The applicable subheading for the radiators, Model Numbers RADFR187A, RADFR168A, RADFR177A, RADFR185A, and RADFR189A, will be 8708.91.5000, Harmonized Tariff Schedule of the United States (HTSUS), which provides for “Parts and accessories of the motor vehicles of headings 8701 to 8705: Other parts and accessories; Radiators and parts thereof; Radiators.” The rate of duty will be 2.5 percent ad valorem.

The duties cited above are current as of this ruling’s issuance. Duty rates are provided for your convenience and are subject to change. The text of the most recent HTSUS and the accompanying duty rates are provided at https://hts.usitc.gov/.

This ruling does not address the applicability of any additional duties, taxes, fees, exactions and/or other charges, which may apply to the goods discussed herein. This includes, but is not limited to, tariffs and other duties as provided for in Subchapter III to Chapter 99, HTSUS. Thus, for example, in addition to the classification stated above, the merchandise covered by this ruling may also need to be reported with either the Chapter 99 provision under which an additional tariff applies or one of the Chapter 99 provisions covering exceptions to such tariffs.

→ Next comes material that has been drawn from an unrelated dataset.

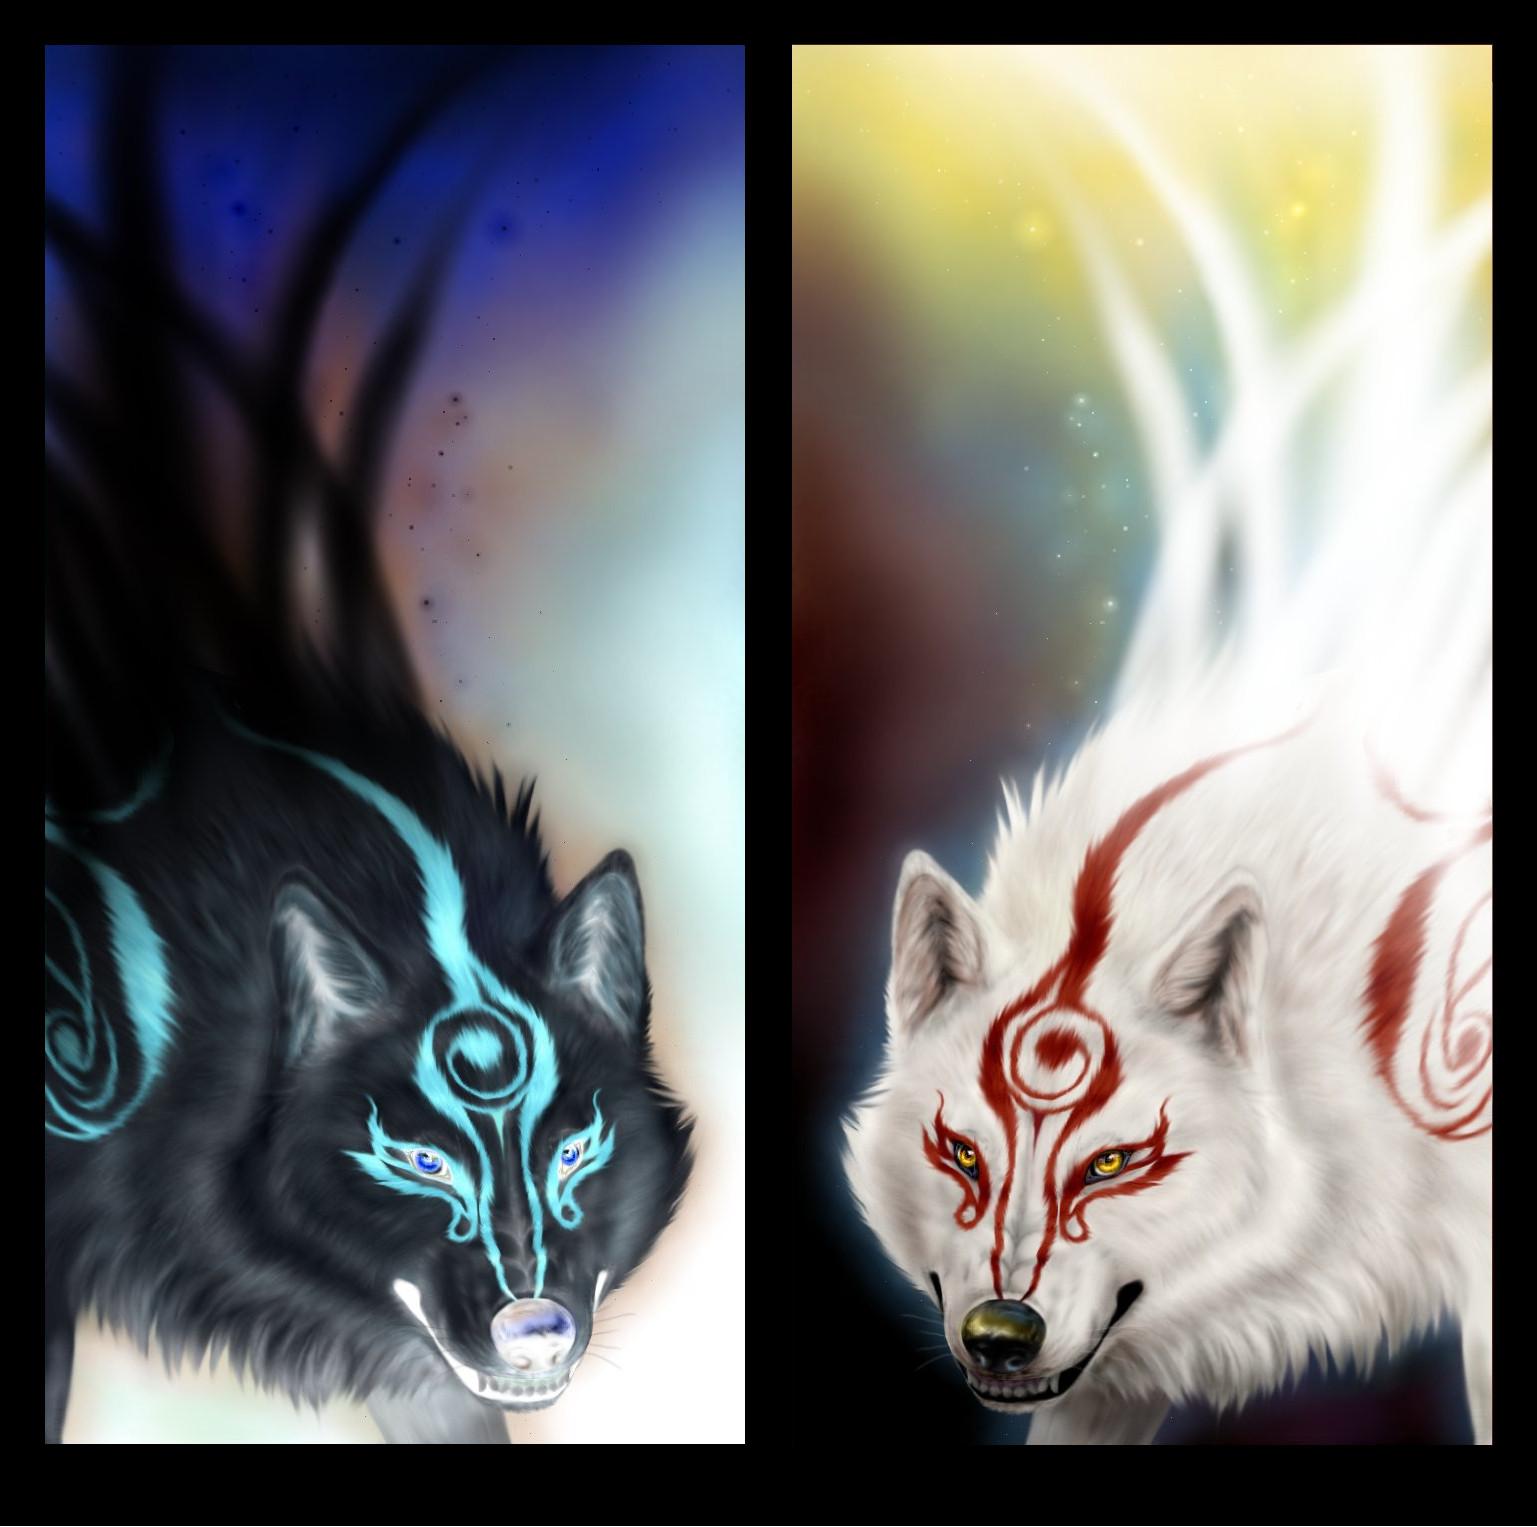 White Wolf And Black Wolf by TrreisyWhiteWolf 20 5BDesktopNexus com 5D    White Wolf And Black Wolf Fighting

For further information to assist with the importation process, please refer to the frequently updated Cargo Systems Messaging Service (CSMS) messages at https://www.cbp.gov/trade/automated/cargo-systems-messaging-service and Frequently Asked Questions on the Trade Remedy/IEEPA page at https://www.cbp.gov/trade/programs-administration/trade-remedies/IEEPA-FAQ.

Country of origin for marking:

Section 304 of the Tariff Act of 1930, as amended (19 U.S.C. 1304), provides that unless excepted, every article of foreign origin imported into the United States shall be marked in a conspicuous place as legibly, indelibly, and permanently as the nature of the article (or its container) will permit, in such a manner as to indicate to the ultimate purchaser in the United States, the English name of the country of origin of the article. Congressional intent in enacting 19 U.S.C. 1304 was “that the ultimate purchaser should be able to know by an inspection of the marking on the imported goods the country of which the goods is the product. The evident purpose is to mark the goods so that at the time of purchase the ultimate purchaser may, by knowing where the goods were produced, be able to buy or refuse to buy them, if such marking should influence his will.” See United States v. Friedlander & Co., 27 C.C.P.A. 297, 302 (1940).

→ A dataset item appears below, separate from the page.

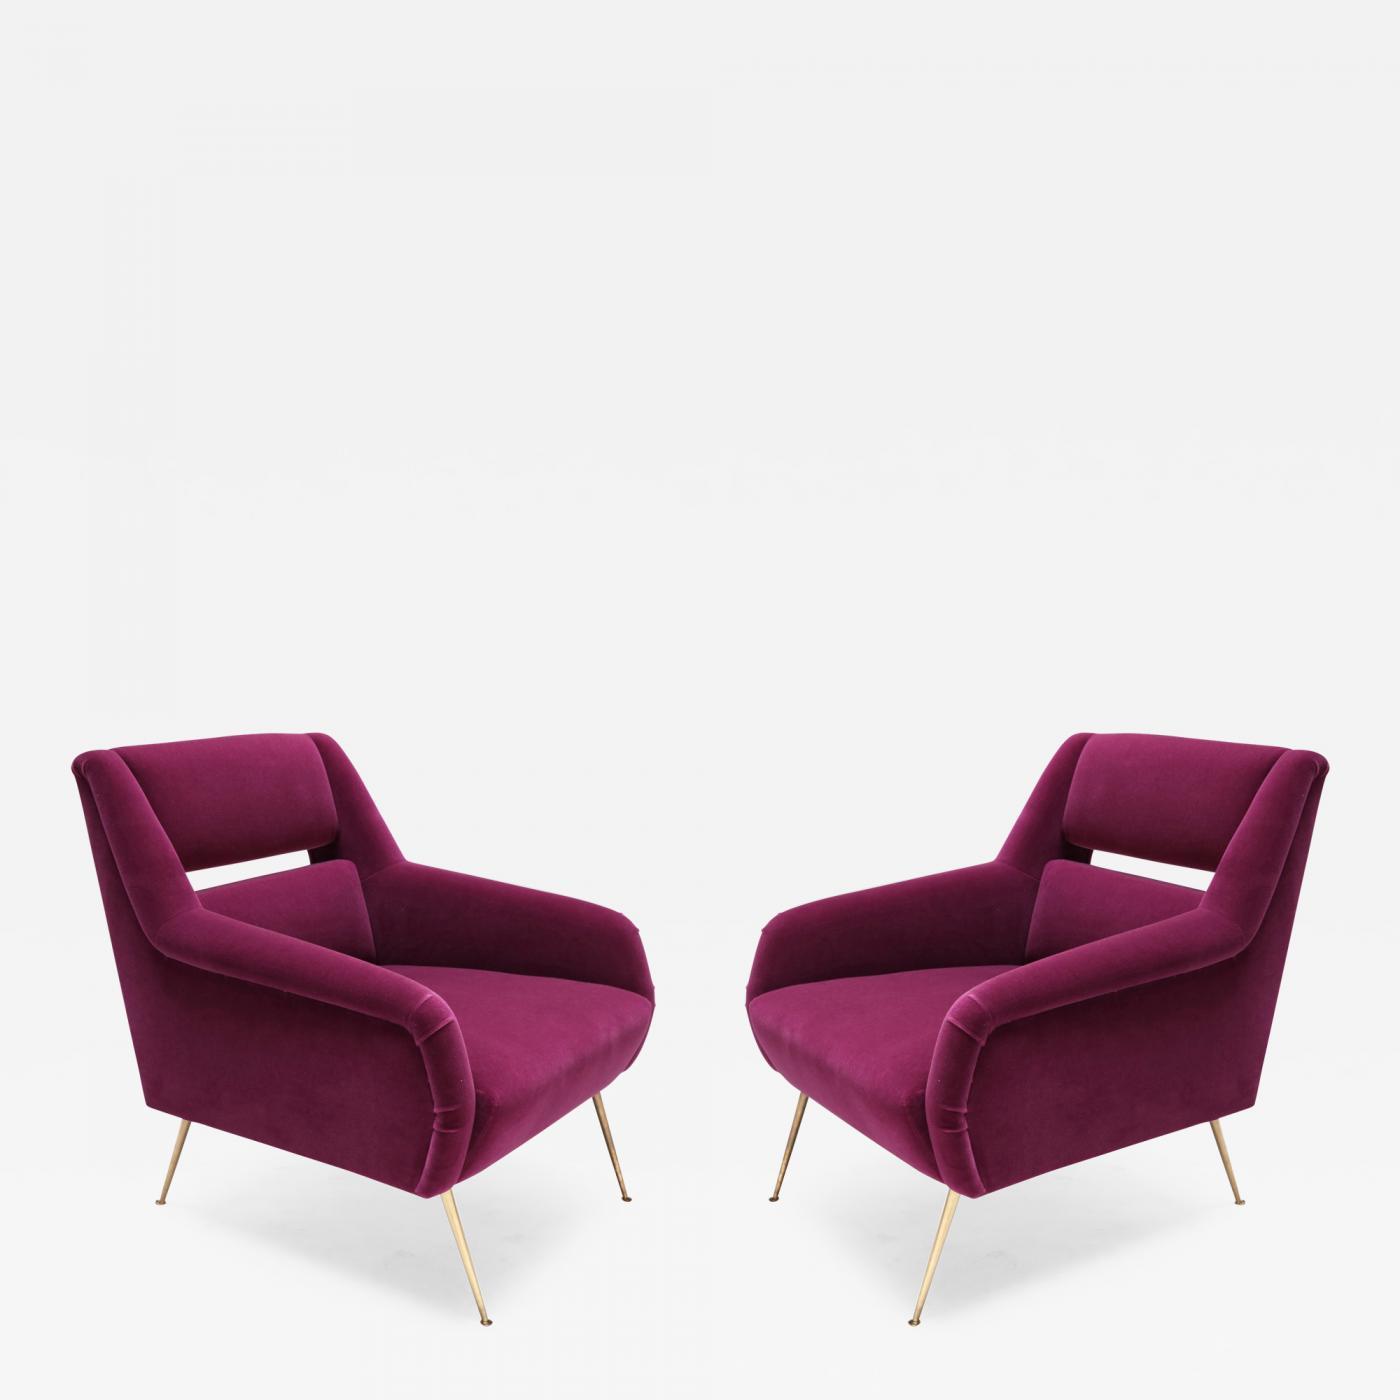 Pair of Custom 1960s Italian Style Armchairs in Fuchsia Mohair

Section 134.1(b), CBP Regulations (19 CFR 134.1(b)), defines “country of origin” as the country of manufacture, production, or growth of any article of foreign origin entering the United States. Further work or material added to an article in another country must effect a substantial transformation in order to render such other country the “country of origin” within the meaning of the marking laws and regulations.

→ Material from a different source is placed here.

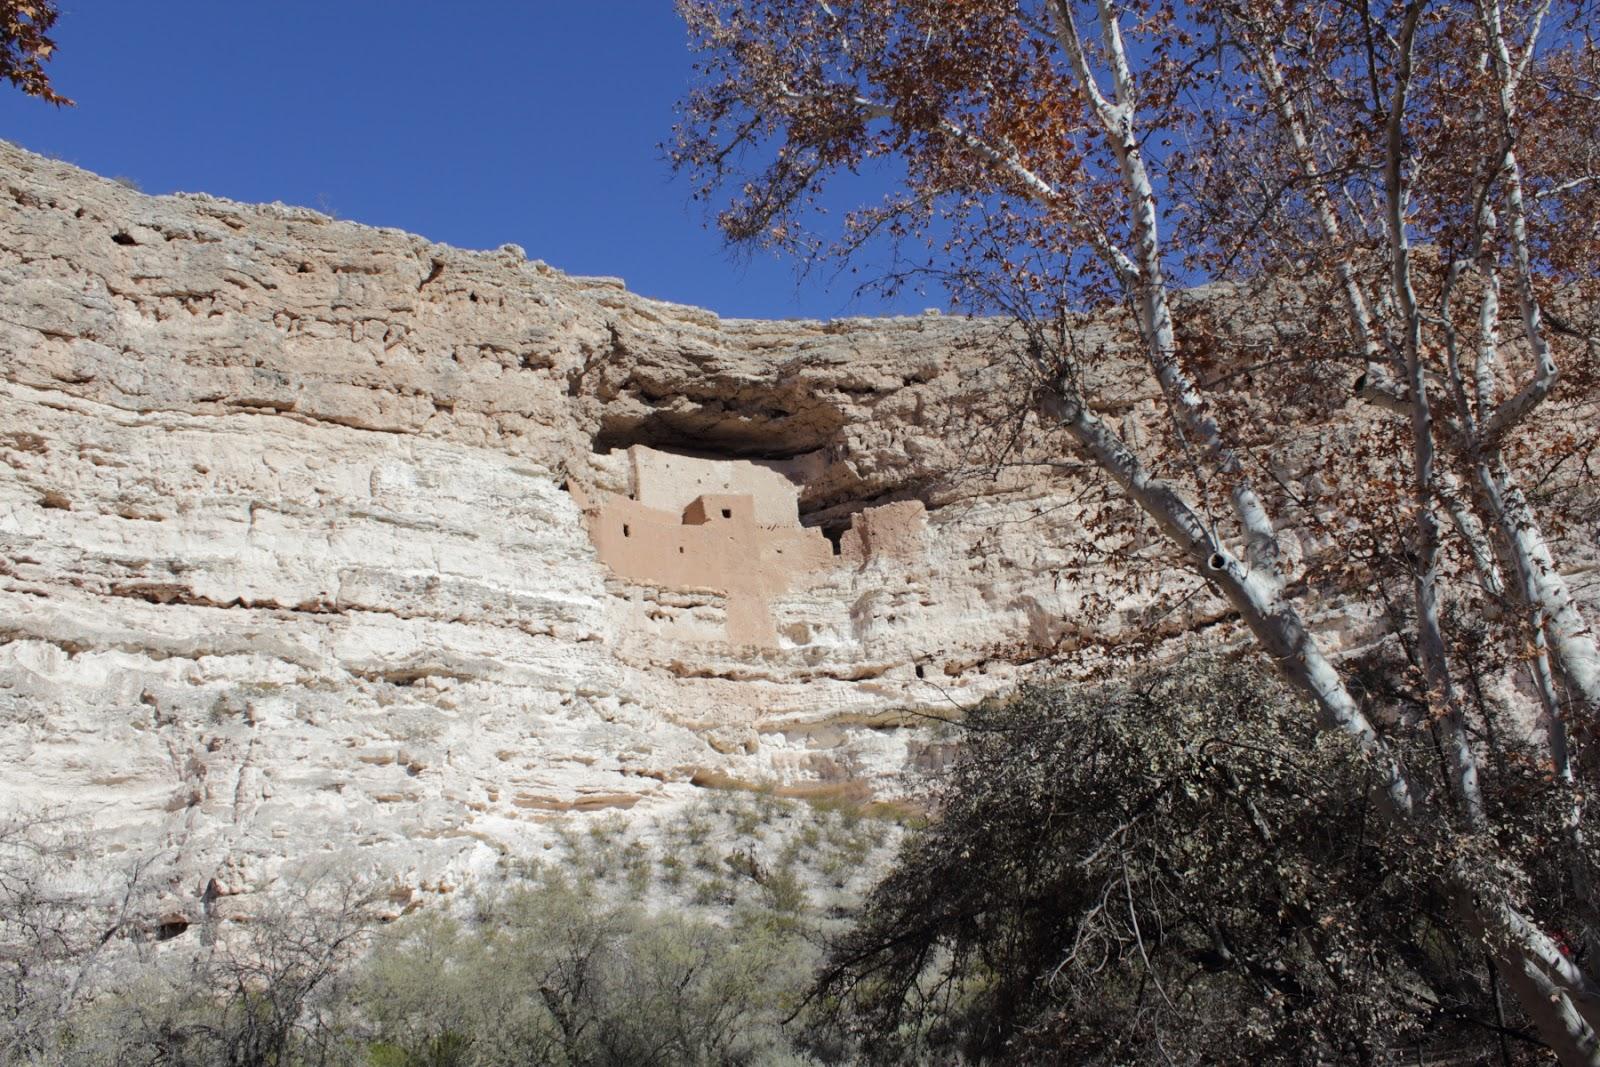 Montezuma Castle National Monument  http://www.nps.gov/moca/index.htm

Pursuant to section 102.0, interim regulations, related to the marking rules, tariff-rate quotas, and other USMCA provisions, published in the Federal Register on July 6, 2021 (86 FR 35566), the rules set forth in §§ 102.1 through 102.18 and 102.20 determine the country of origin for marking purposes with respect to goods imported from Canada and Mexico. Section 102.11 provides a required hierarchy for determining the country of origin of a good for marking purposes, with the exception of textile goods which are subject to the provisions of 19 C.F.R. § 102.21. See 19 C.F.R. § 102.11.

Applied in sequential order, 19 CFR Part 102.11(a) provides that the country of origin of a good is the country in which:

(1) The good is wholly obtained or produced;

(2) The good is produced exclusively from domestic materials; or

(3) Each foreign material incorporated in that good undergoes an applicable change in tariff classification set out in Part 102.20 and satisfies any other applicable requirements of that section, and all other applicable requirements of these rules are satisfied.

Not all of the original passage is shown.